Dear Wendy is a love letter to a gun, written as events come to a head, allowing for the film to flash backwards from that starting point to lead to crisis. And you know pretty quickly that this is the kind of film where things are going to go wrong sooner or later, you just know. Though, the thing with Dear Wendy is you don't know what is going to happen, and the key events that shape the ways things develop are pretty unpredictable.

Dick is an 18-year-old in a mining town, who has refused to follow his father into the mines. Instead he has a job in the local store, and is one of the town's losers. That is, until he finds Wendy. He thinks Wendy is a toy gun, until Steve who he works in the store with points out that in fact it is real. This brings the two losers together, pacifists with guns - they become obsessed with the details, the kinds of bullets, entry wounds, and exit wounds. Slowly they realise that by having guns, but not using guns, they are no longer losers - they have found a strength within themselves.

Having made this realisation, the pair decide to recruit the other losers in town, to offer them the same feeling of strength they have. Before long there are 5 of them, they call themselves the Dandies, and they have taken up residence in the old mine building, which they have renamed the Temple. There they hold rituals, learn about guns, and practice shooting, but never take their "partners" outside where they might "wake up". The result is exuberant, the group laugh and play, listen to music - creating their own little world. But as i say, we all know it can't last, and it doesn't.

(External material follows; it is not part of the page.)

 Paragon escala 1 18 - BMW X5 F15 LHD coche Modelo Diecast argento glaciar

Dear Wendy is a curious collaboration between two of the biggest names from the Dogme school of film making; though this is not a contribution to that series. The film is written by Lars von Trier, who did the second Dogme film Idiots, and more recently the challenging Dogville. While the direction is by Thomas Vinterberg, who directed the first Dogme film Festen, and more recently the quirky and memorably Its All About Love. In a lot of ways, despite Vinterberg insisting that he was in control, Dear Wendy bears clear marks of von Trier's influence. The action all takes place, more or less, on one square of town - the impression being that is the entire set, echoing Dogville's chalk outlines brought to life. In turn some of the characters tend towards von Trier's perception of American archetypes. Though, as Vinterberg has said, if von Trier had directed it Dear Wendy would have been a very different film. Not least because von Trier's script is reported to have had younger characters.

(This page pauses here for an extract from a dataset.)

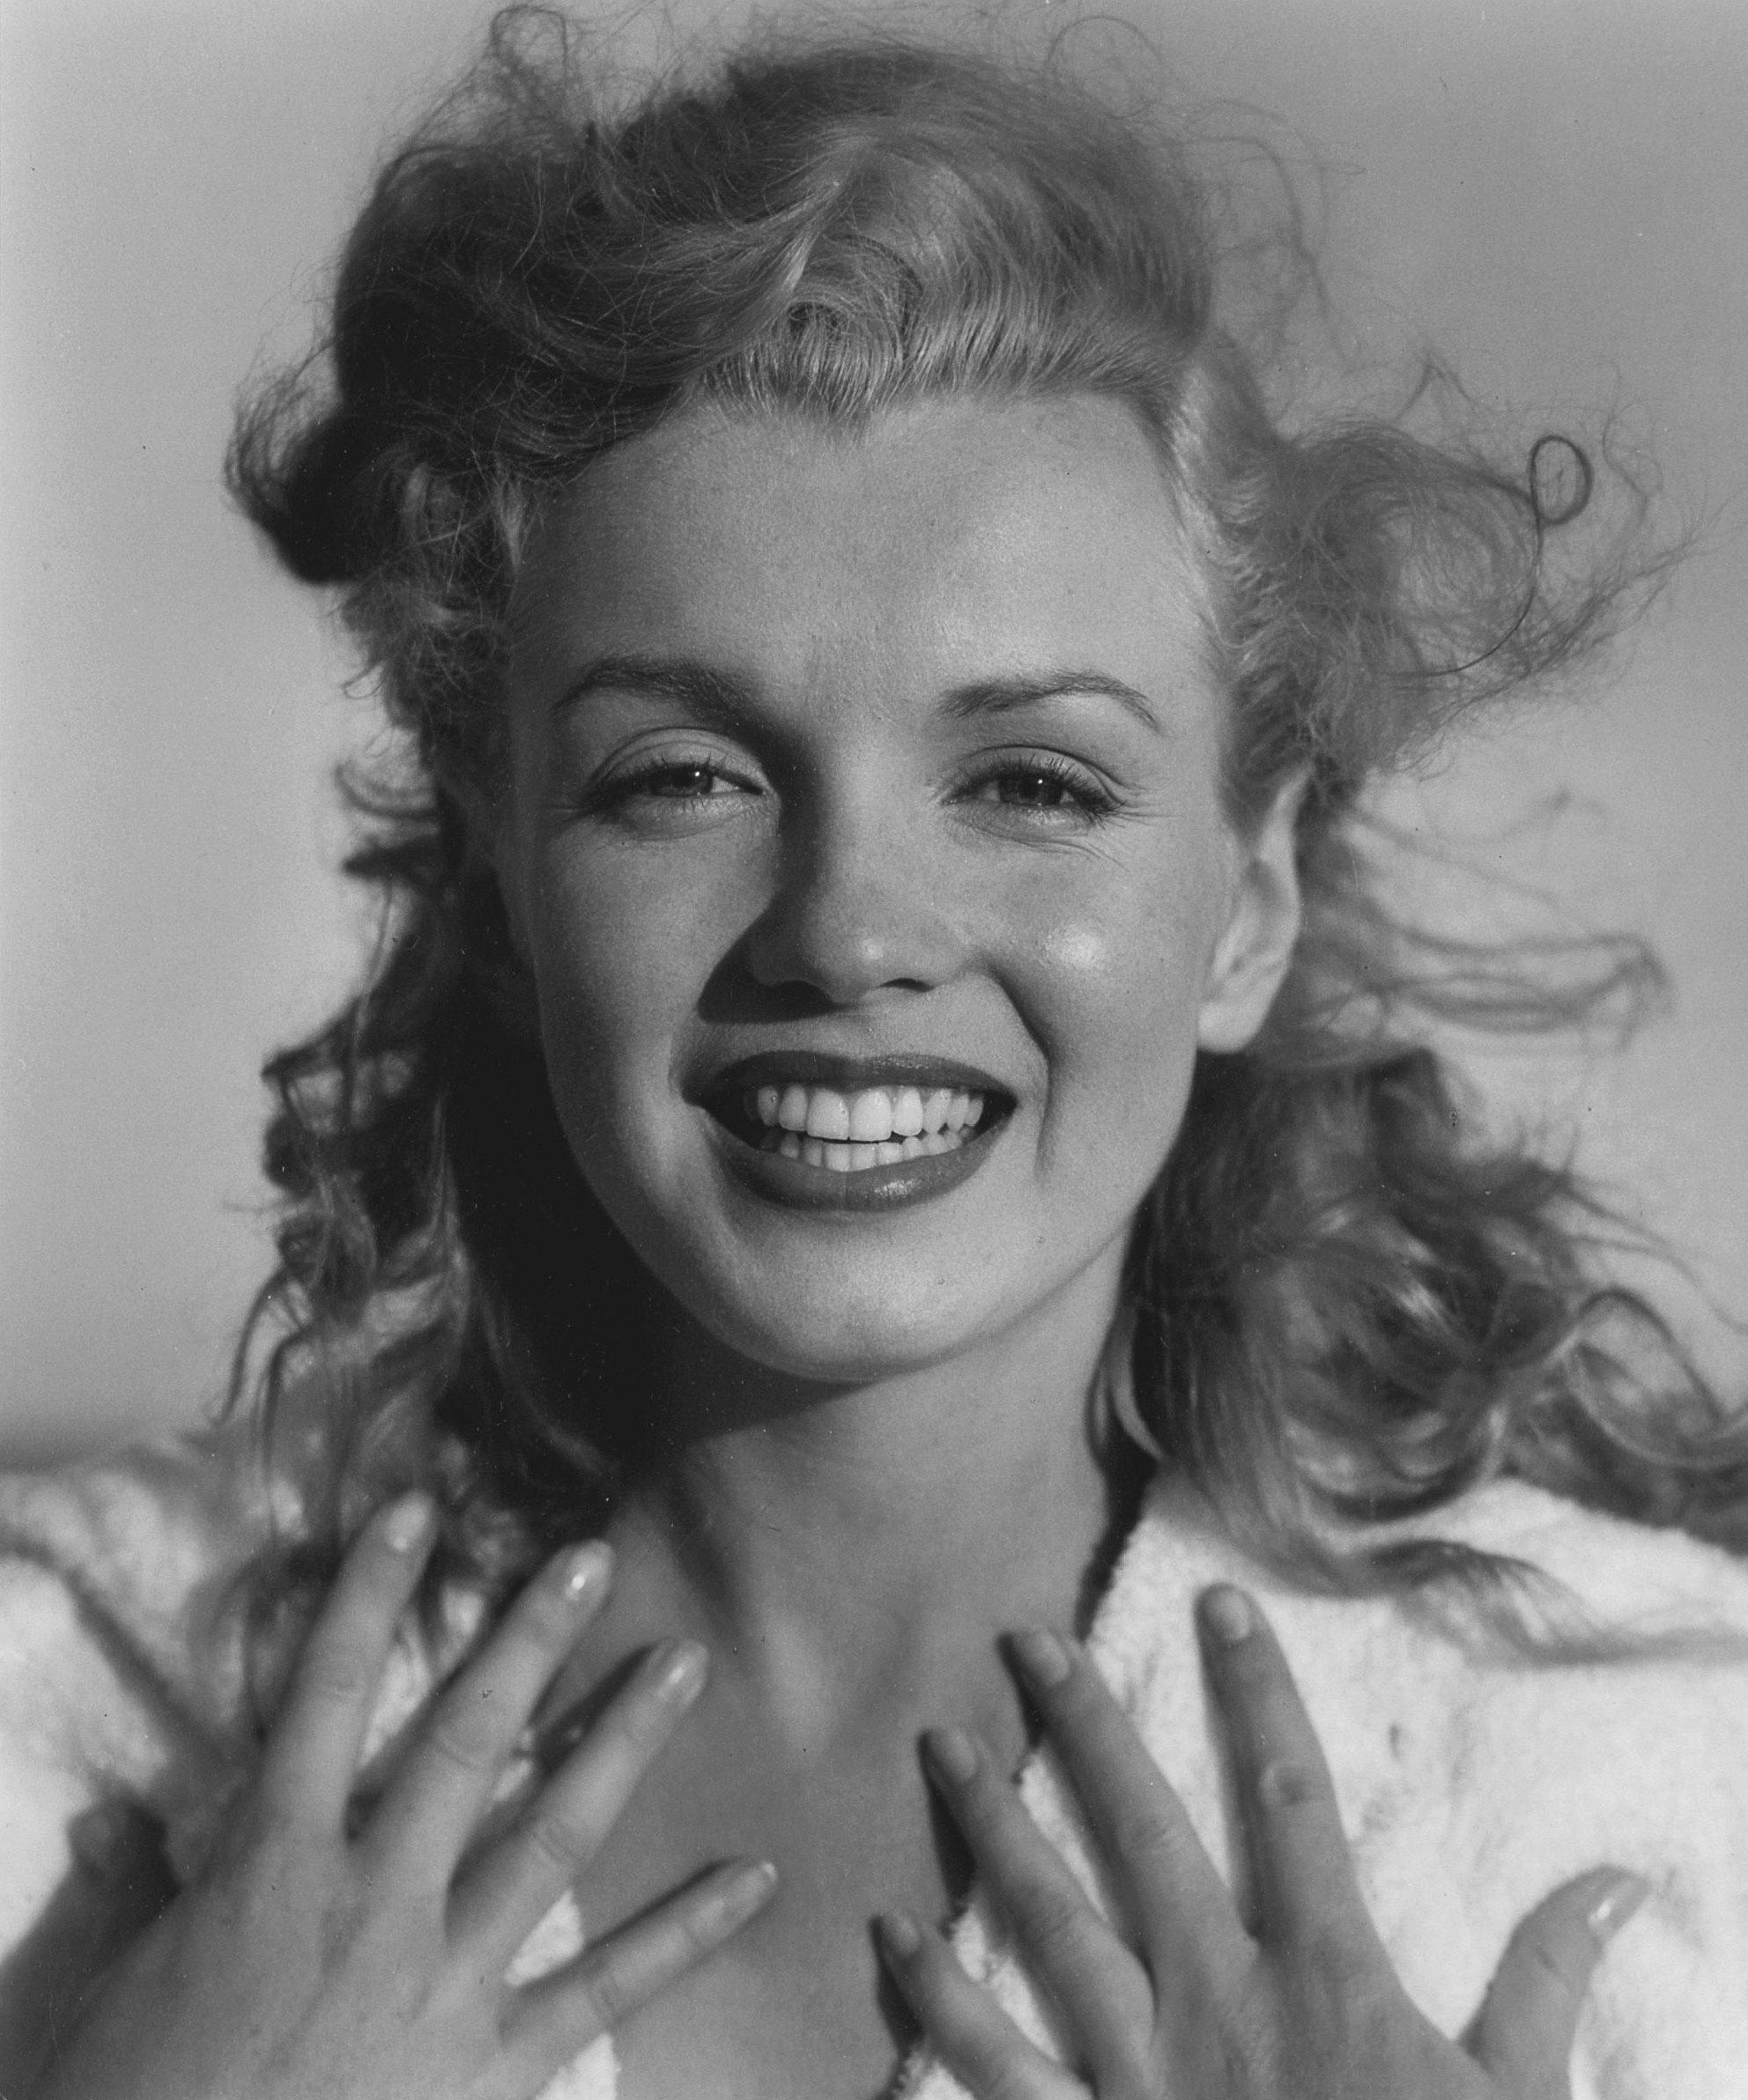 Marilyn Monroe By Andre De Dienes Toby Beach 1949 Morte De

Cast wise we see Jamie Bell graduate from the noxious Billy Elliot to provide a pretty decent performance. The most obvious name actor is Bill Pullman, who puts in an appearance as the town's sherrif. With the rest of the cast seeing raised profiles for Chris Owen (Ladykillers), Danso Gordon (American History X), Mark Webber (Storytelling), Michael Angarano (Seabiscuit) and Alison Pill (Pieces Of April). Pill in particularly becoming something of a poster girl for the film, appearing on most of the imagery i've seen for the film's promotion.

I liked Dear Wendy, like the creator's other films it isn't straight forward or safe, but it has a definite charm and style, while being resolutely unpredictable.